Firmin: Adventures of a Metropolitan Lowlife
- Cover of "Firmin"
- Author: Sam Savage
- Cover artist: Michael Mikolowski
- Language: English
- Genre: Magical Realism
- Publisher: Coffee House Press
- Publication date: May 31, 2006
- Publication place: United States
- Media type: Print (Hardcover, Paperback)
- Pages: 288
- ISBN: 978-1-56689-181-3

= Firmin: Adventures of a Metropolitan Lowlife =

2006 novel by Sam Savage

Firmin: Adventures of a Metropolitan Lowlife (2006) is the second novel by author Sam Savage, about a rat runt in 1960s Boston who learns to read. In 2006 Coffee House Press published Firmin: Adventures of a Metropolitan Lowlife. In 2007 the Spanish publishing house Seix Barral purchased the world rights to Firmin, including English-language rights. The novel subsequently became a bestseller in Europe.

==Plot summary==
Firmin is an autobiography of a rat born, "with my eyes wide open", as the 13th child to an alcoholic mother rat with 12 nipples in the basement of a Boston bookshop in Scollay Square on November 9, 1960. As a result, Firmin the runt puts off the pangs of hunger by consuming Finnegans Wake, his initial bedding, and acquires the ability to read and think symbolically.
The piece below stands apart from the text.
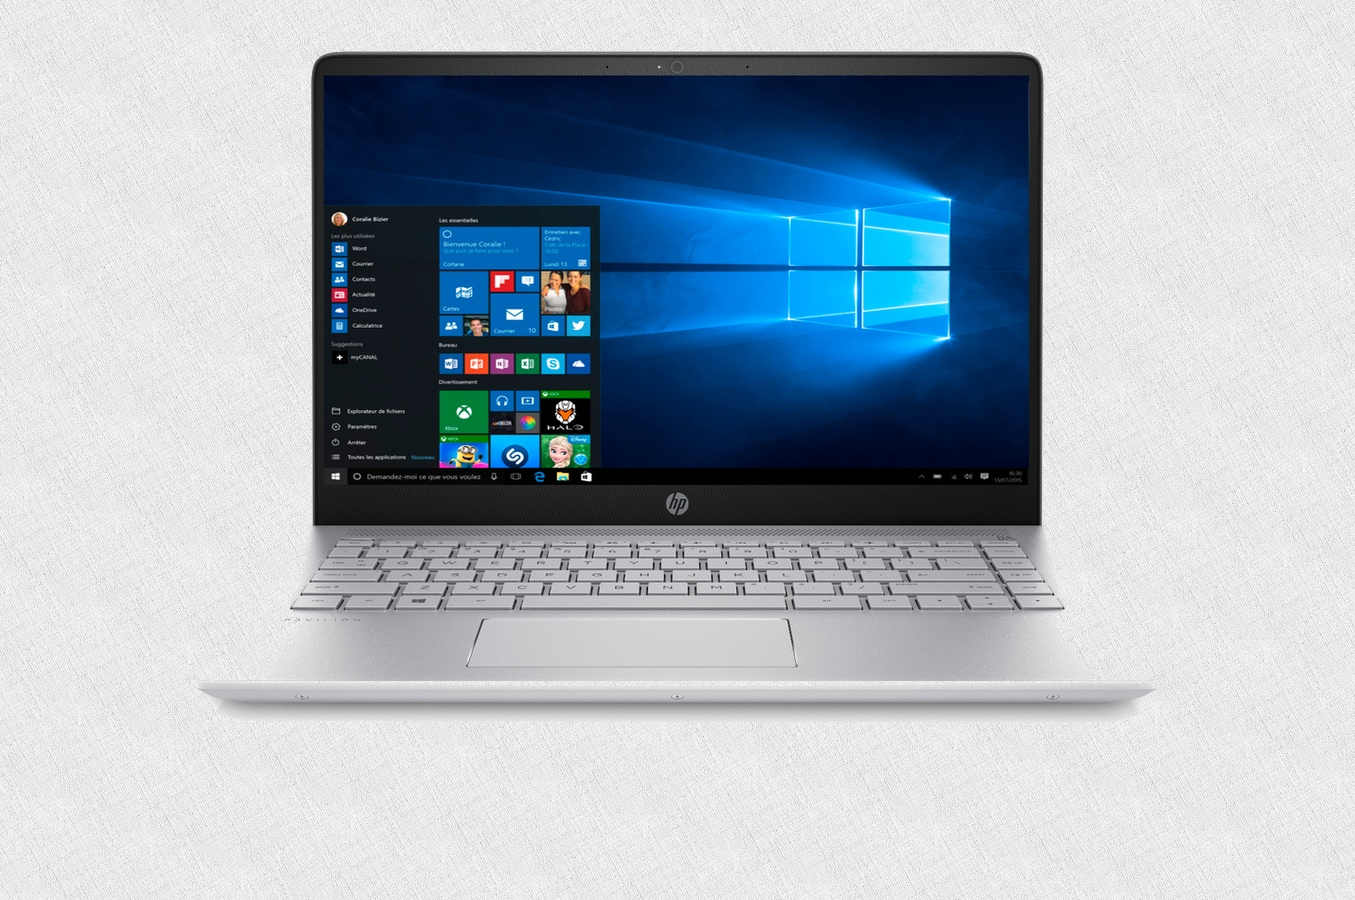 HP PAVILION 14-bk000 - - мультимедийная модель 2018 года

Initially, Firmin reads voraciously, but over time his tastes (literally and metaphorically) become more refined. But as Firmin's dreams of literature increase, his associations with his rattus society decreases proportionally. Firmin becomes attracted to strippers and characters in pornographic films in a local cinema instead of his own species, becoming a "pervert and a freak". Eventually, his family moves away from the bookshop, leaving Firmin alone, convinced that he is mad but harmless.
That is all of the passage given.